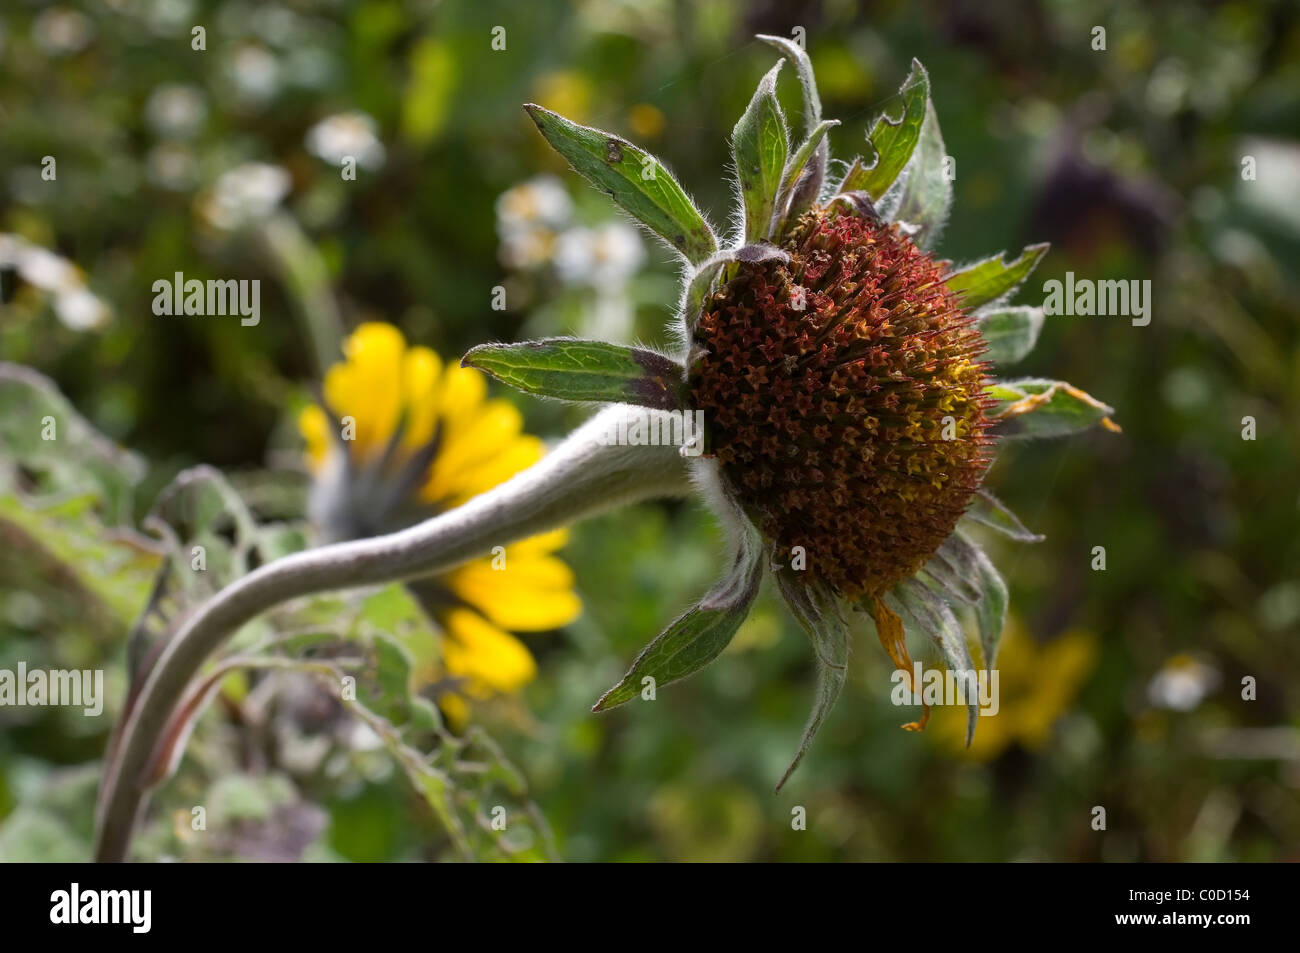 Wild Mexican sunflower (Girasol / Tithonia tubaeformis) Stock Photo
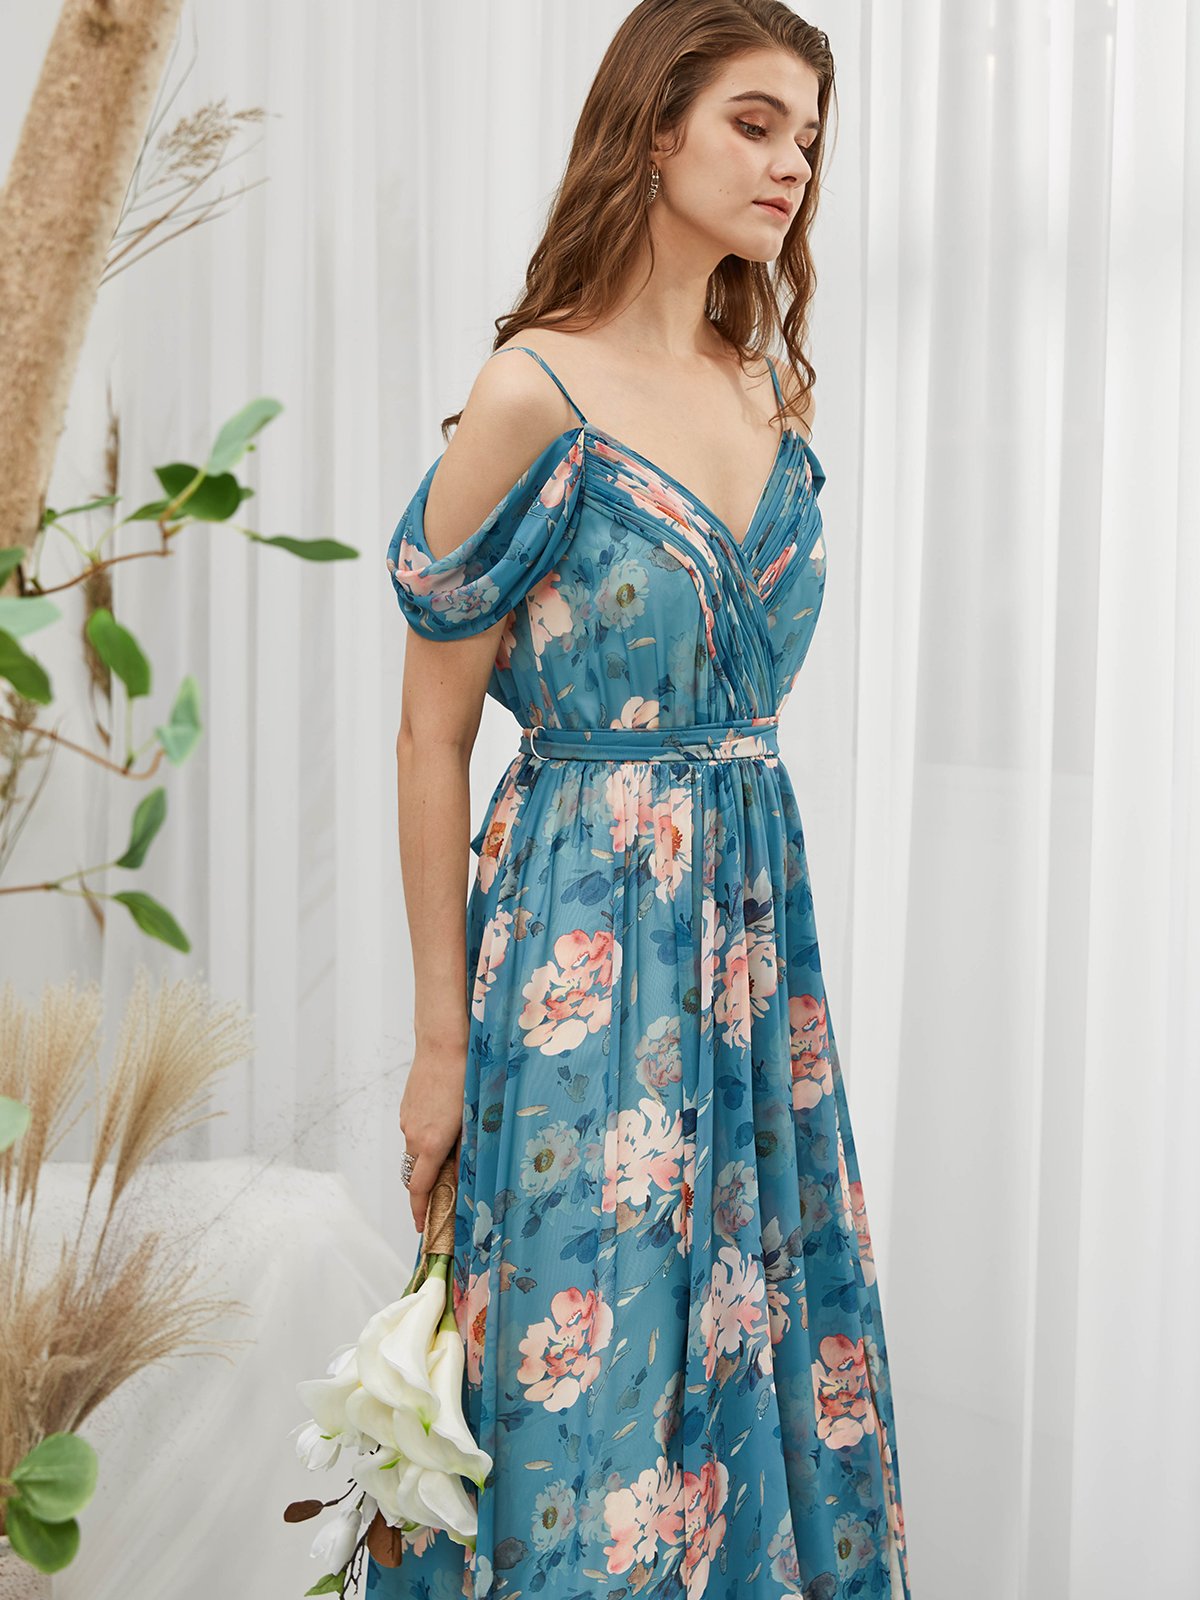 Straps V Neck Off the Shoulder Chiffon Print Floral Teal Floor Length Formal Evening Gown
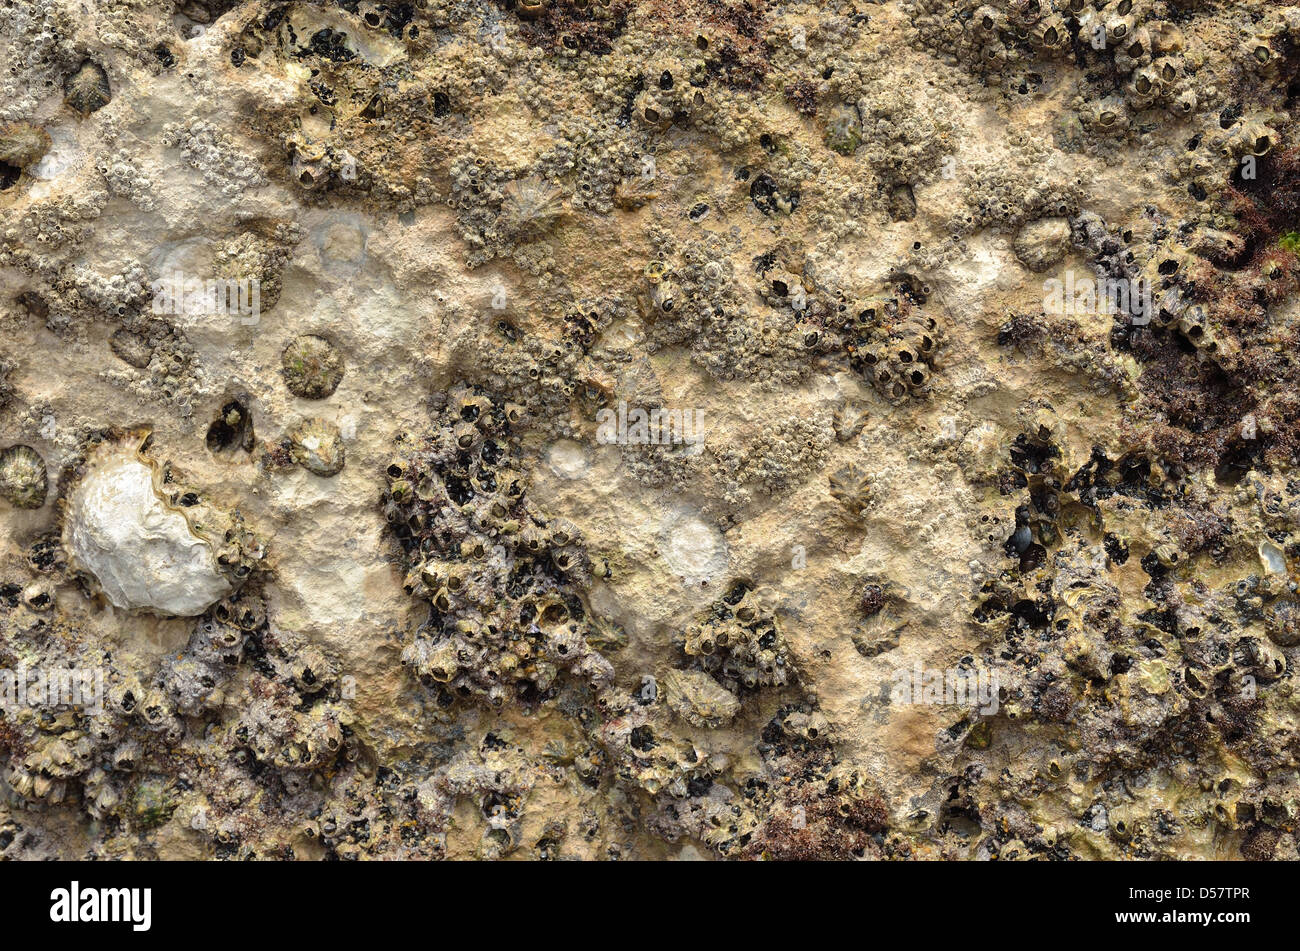 Spongy stone background of the sea floor Stock Photo
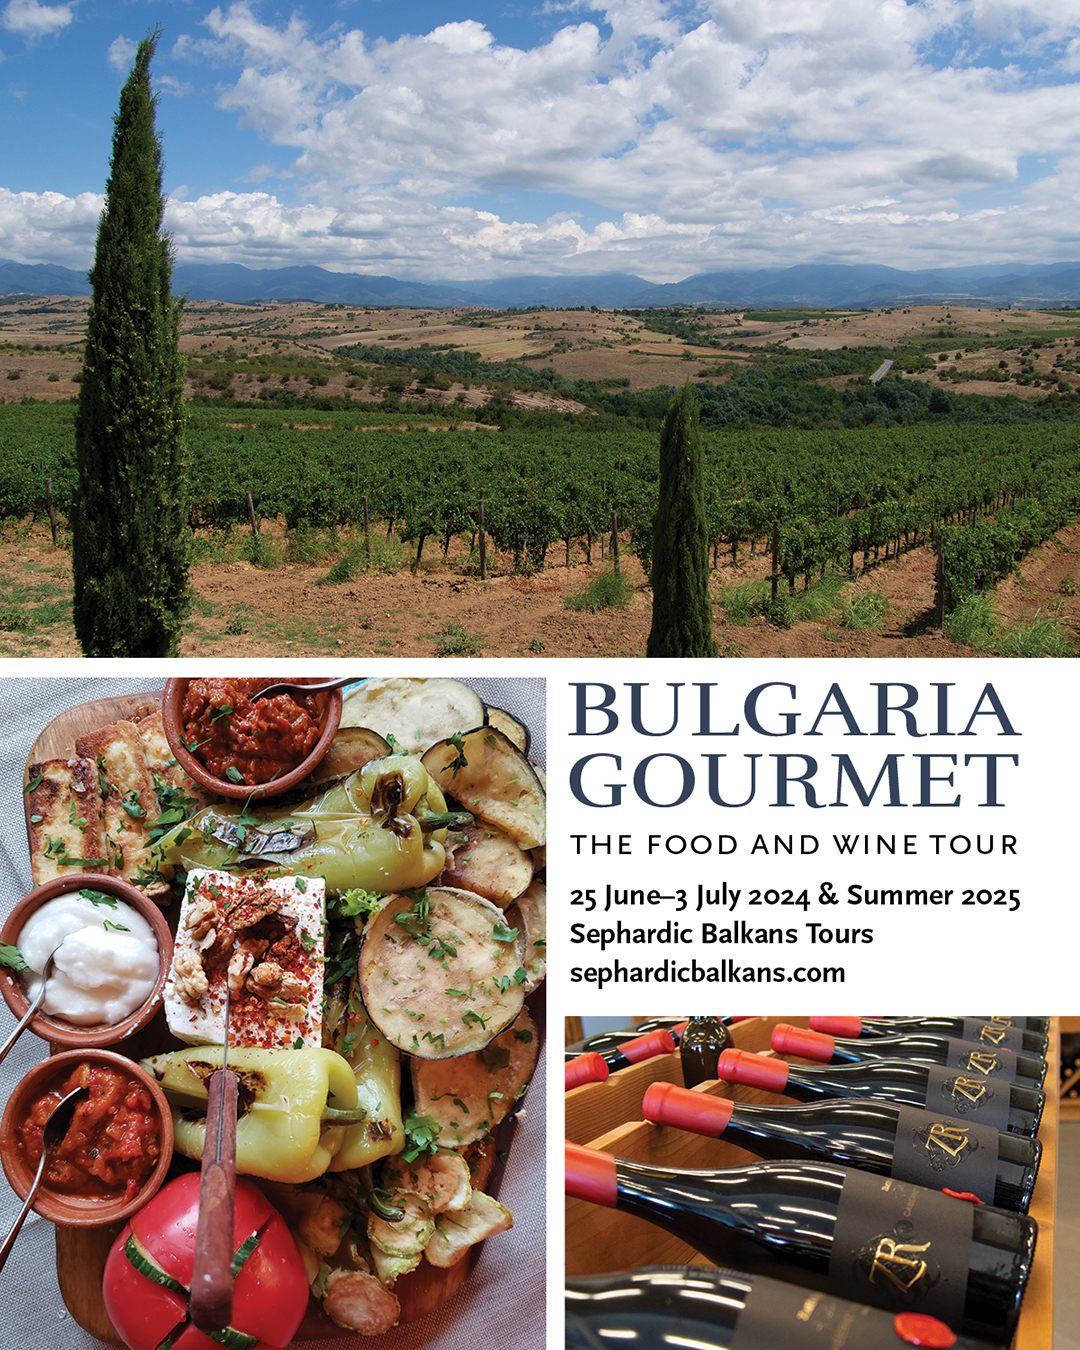 Santé Magazine Features Bulgaria Gourmet Food & Wine Tour

- [Task description]
In the answer, all of the material should appear exactly as given, with no picture carried over.

- [Response]
 Wild Mexican sunflower (Girasol / Tithonia tubaeformis) Stock Photo
 Straps V Neck Off the Shoulder Chiffon Print Floral Teal Floor Length Formal Evening Gown
 Spongy stone background of the sea floor Stock Photo
 Santé Magazine Features Bulgaria Gourmet Food & Wine Tour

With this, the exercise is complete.